Bay Meadows Racetrack - History

History

Built on the site of an old airfield, Bay Meadows Racecourse was the longest continually operating thoroughbred racetrack in California, having been founded on November 13, 1934 until its closure in August 2008. The innovative William P. Kyne introduced pari-mutuel wagering, the popular Daily Double, the first all-enclosed starting gate, the totalizator board and the photo-finish camera at Bay Meadows.

Prior to the track's closure, the Bay Meadows Handicap had been the longest continually run stakes event in California, having been started in 1934. Seabiscuit won this race twice: 1937 and 1938. The track was allowed to remain open during World War II because of its agreement to give 92% of its profits towards the war effort. The track generated more than $4 million for War Relief projects during the war years. Its ability to run during the war accounts for its status as the longest continually operating US racetrack. In 1945, the first racehorse to be transported by plane, El Lobo, was set down in the parking lot.

In 1948, the eventual Hall of Fame jockey, Bill Shoemaker, began his career by exercising horses on this track. He won his first stakes race here in 1949.

In 1954, 1955, and 1956 the track was used for NASCAR.

All of the exterior scenes in Stanley Kubrick's 1956 heist movie The Killing were filmed at Bay Meadows. The track was renamed as Landsdowne for the movie, but the Bay Meadows name is visible in at least one early scene of the movie.

Bay Meadows' racing season began in August with the San Mateo County Fair portion of the meet, which ran two weeks. This was followed by a short break of a few days; until recently this break avoided conflict with the first week-and-a-half of the California State Fair horse race meet. Racing picked up again on Labor Day Weekend (or thereabouts) with the main throroughbred meet, which was split into two parts—one in the fall, the other in the spring/early summer (Golden Gate Fields' meet took place in the interim in the winter/early spring).

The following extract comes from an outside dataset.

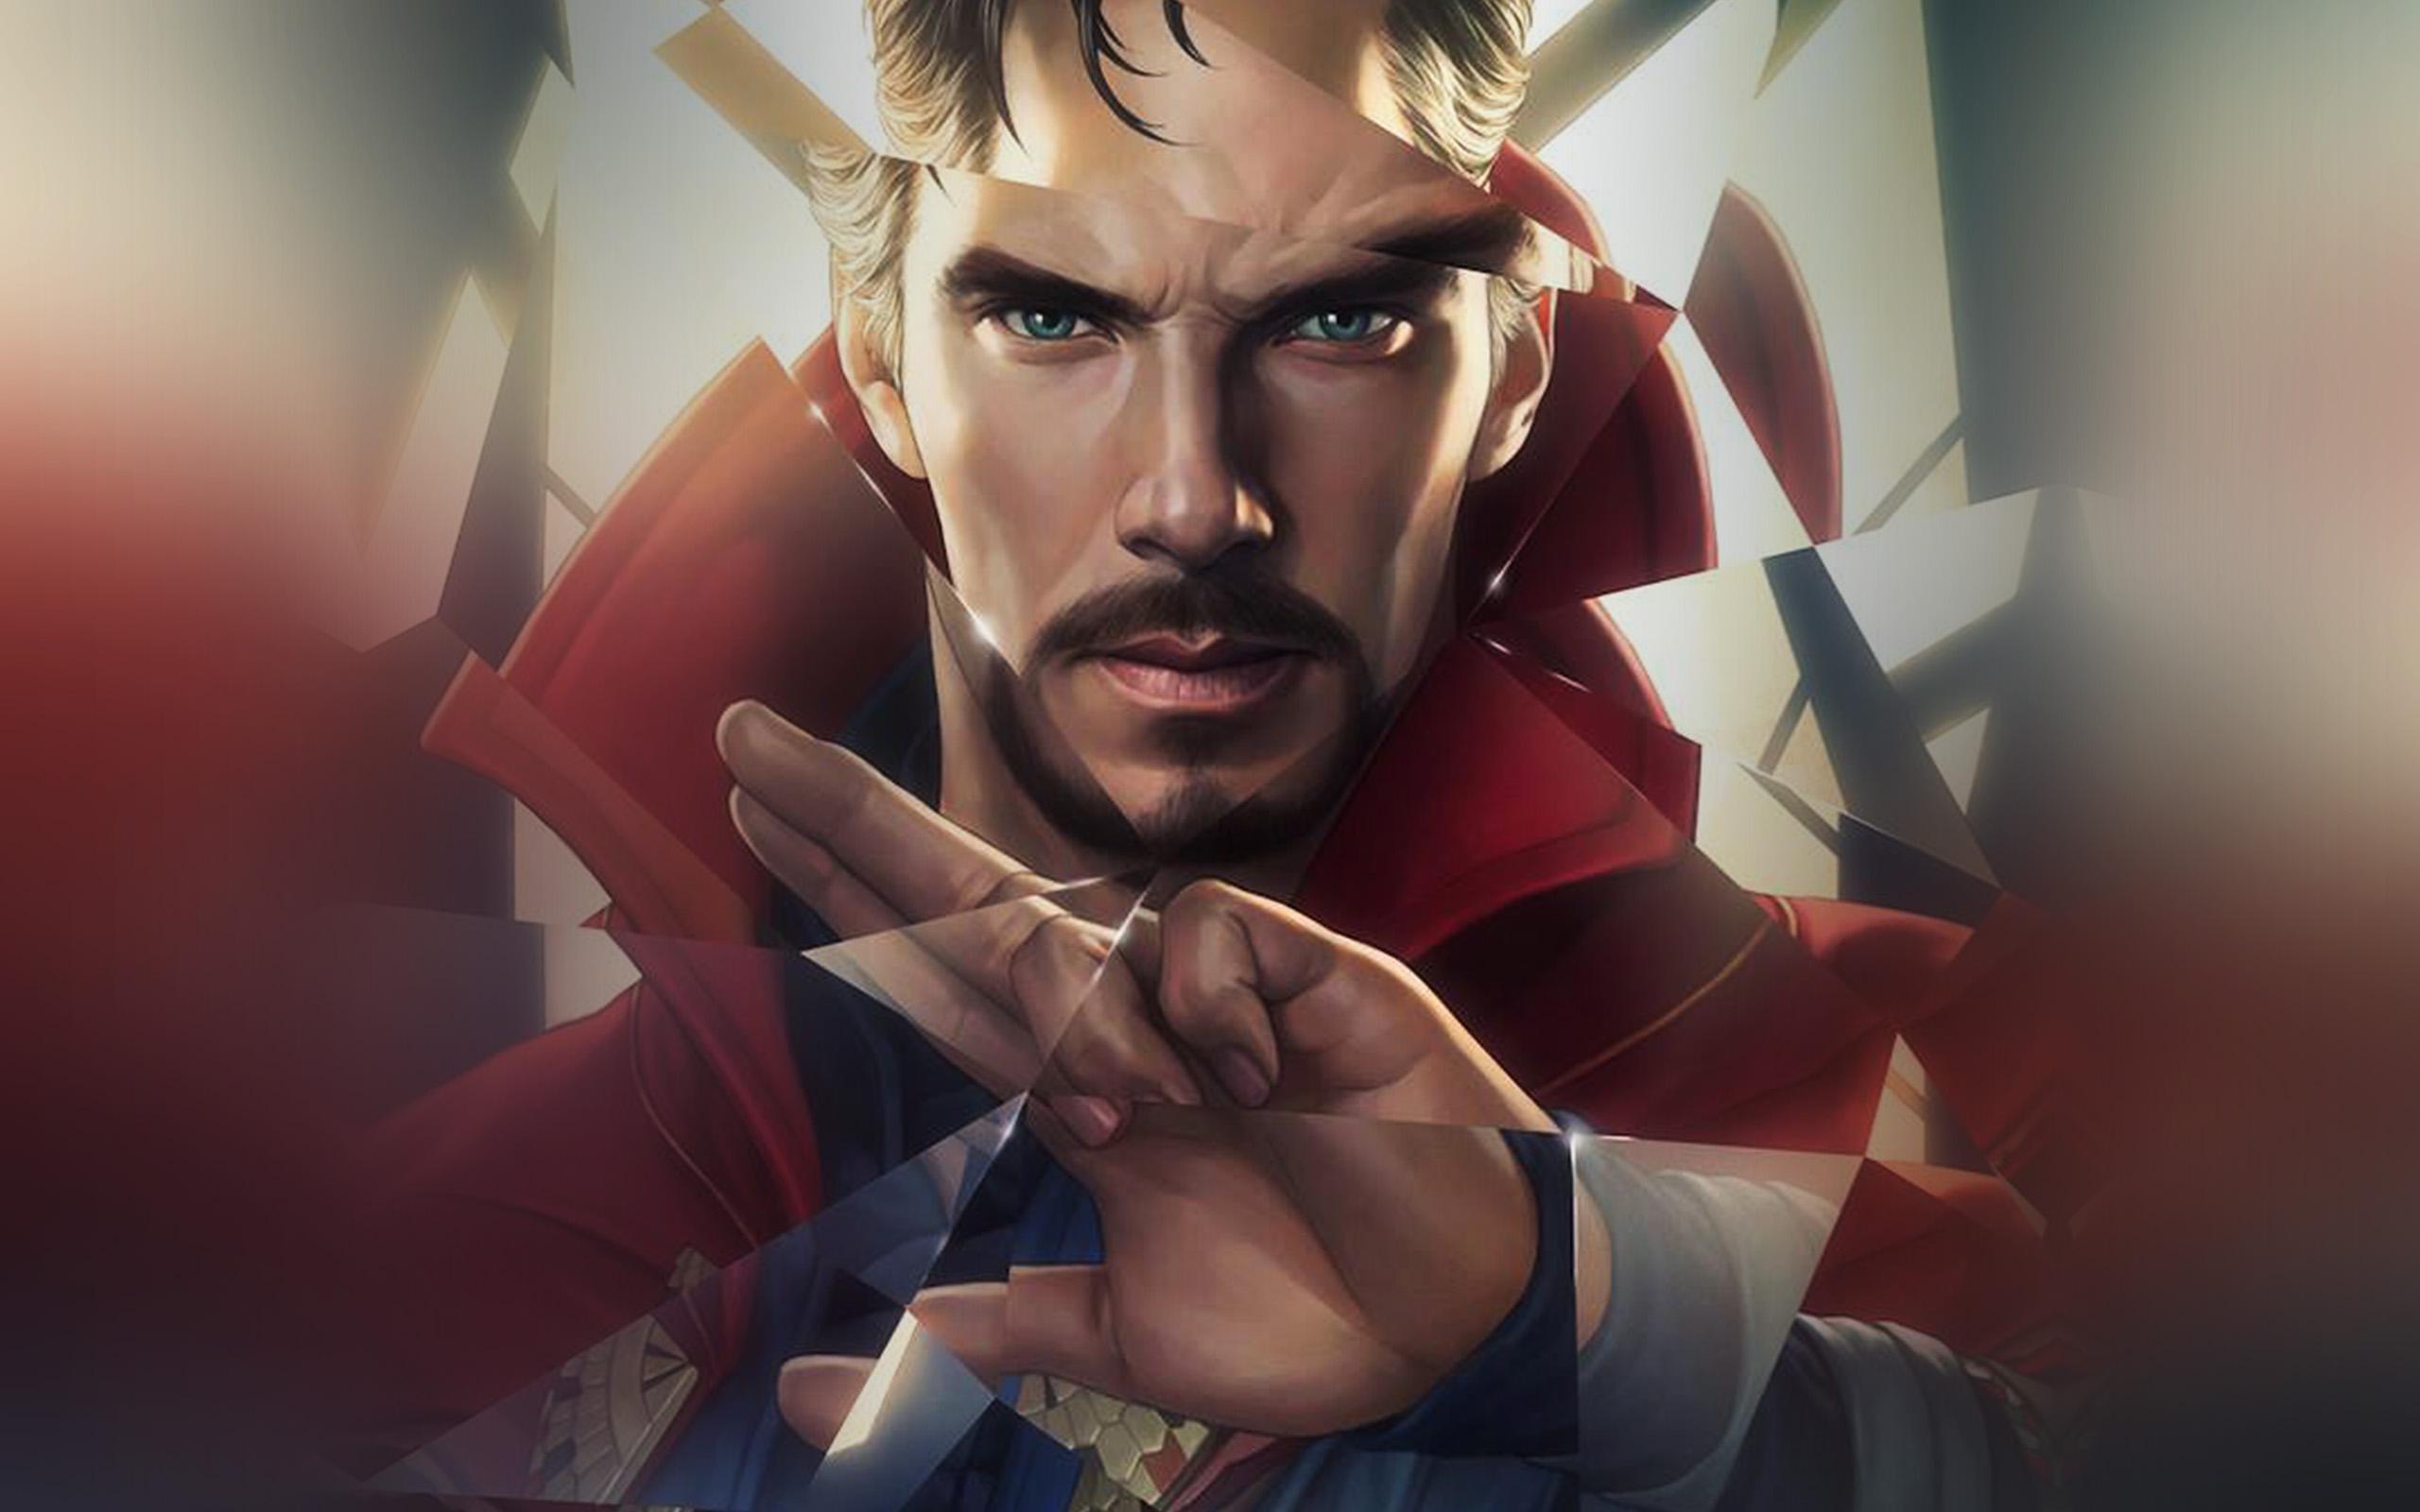 Au77 Doctor Strange Hero Illustration Art: Au77-doctor-strange-hero-illustration-art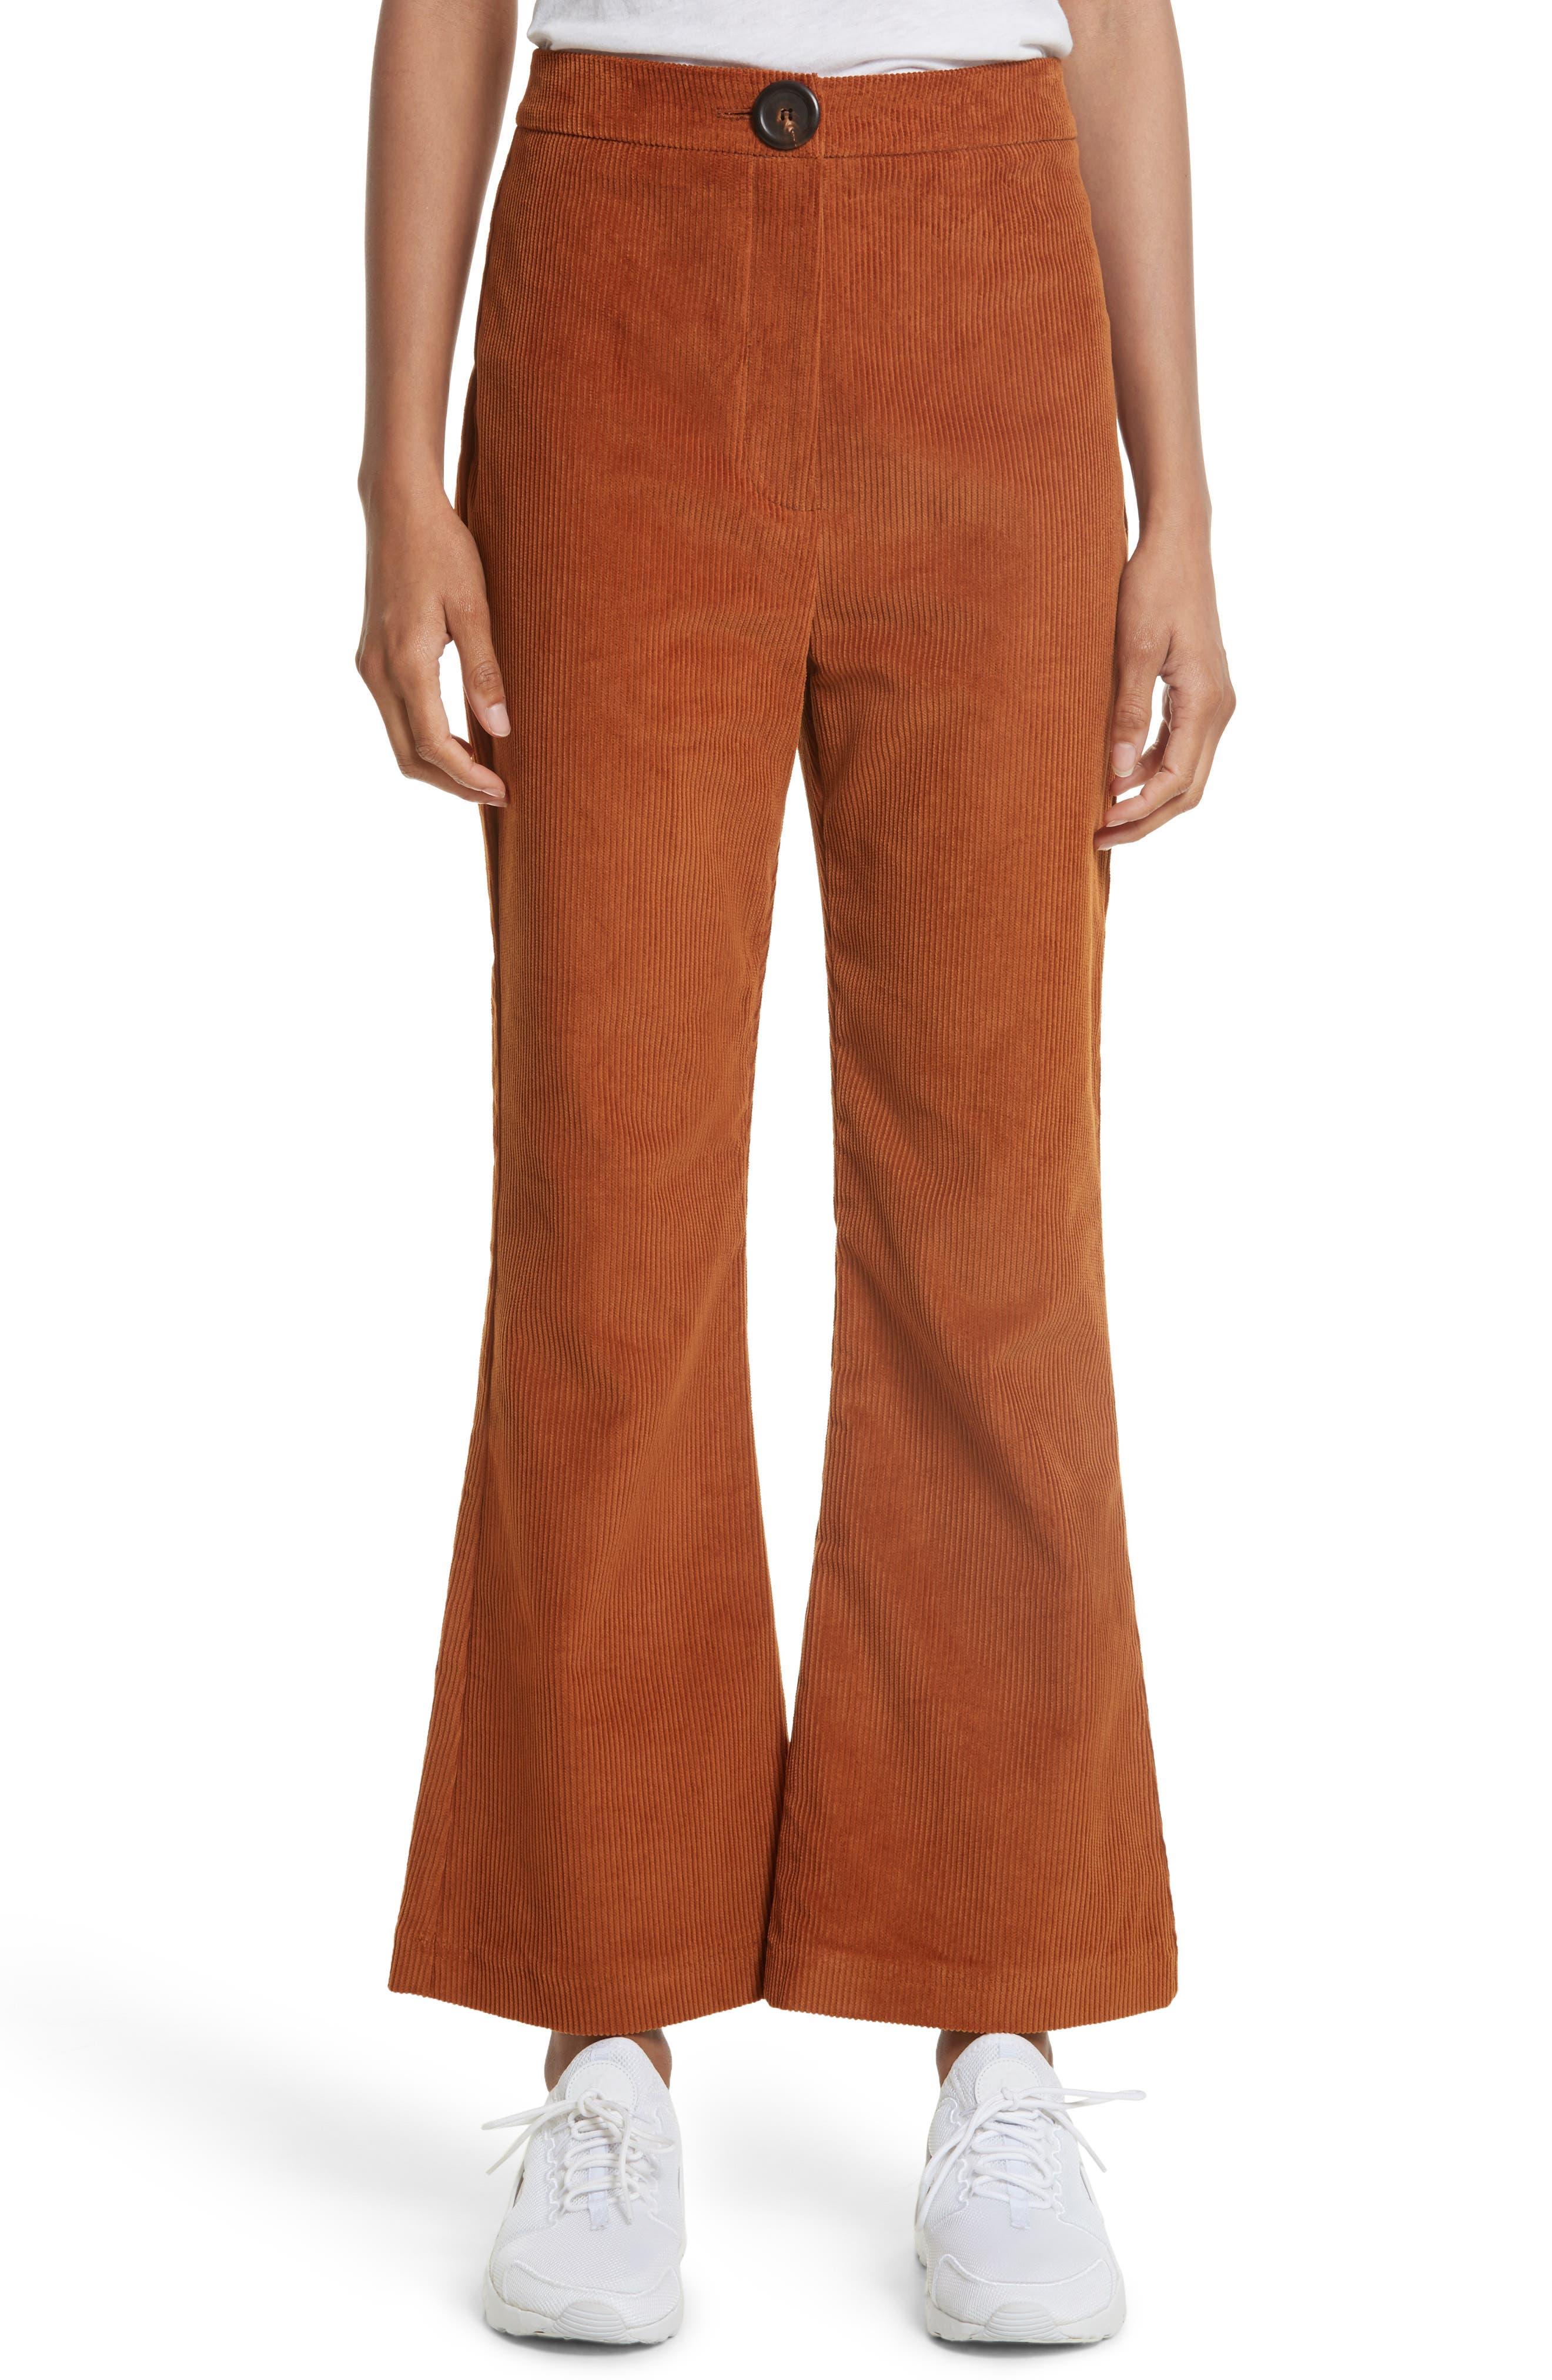 Crop Flare Corduroy Trousers,                             Main thumbnail 1, color,                             200

Throughout its history, Bay Meadows has also hosted harness and quarter horse racing meets, but due to the low revenue such events generate, those events were not run in the last years of the track. At the end, Bay Meadows focused exclusively on thoroughbred racing. Olden Times, Silky Sullivan, Citation, John Henry, Round Table, and Lost in the Fog have raced here. In 1954, Determine won the Bay Meadows Derby and then went to take the Kentucky Derby. Wild Again ran at Bay Meadows in 1984 and then went on to win the Breeders' Cup Classic. On December 1, 2006, jockey Russell Baze won the fourth race to pass Laffit Pincay, Jr. as the winningest rider in thoroughbred horse racing.

There was talk through the 2000s of demolishing Bay Meadows due to plans to build an entirely new race track near Dixon, California to replace the San Mateo race track and Bay Meadows remained open on a year-by-year case basis. The Bay Meadows Phase II Specific Plan Amendment was adopted by the city council of the city of San Mateo on November 7, 2005 . The plan calls for 1,250,000 square feet (116,000 m2) of office space, 1,250 residential units, 150,000 square feet (14,000 m2) of retail space, and 15 acres (61,000 m2) of public parks, as well as a rebuilt Hillsdale Caltrain station near the site of the old Bay Meadows Caltrain station.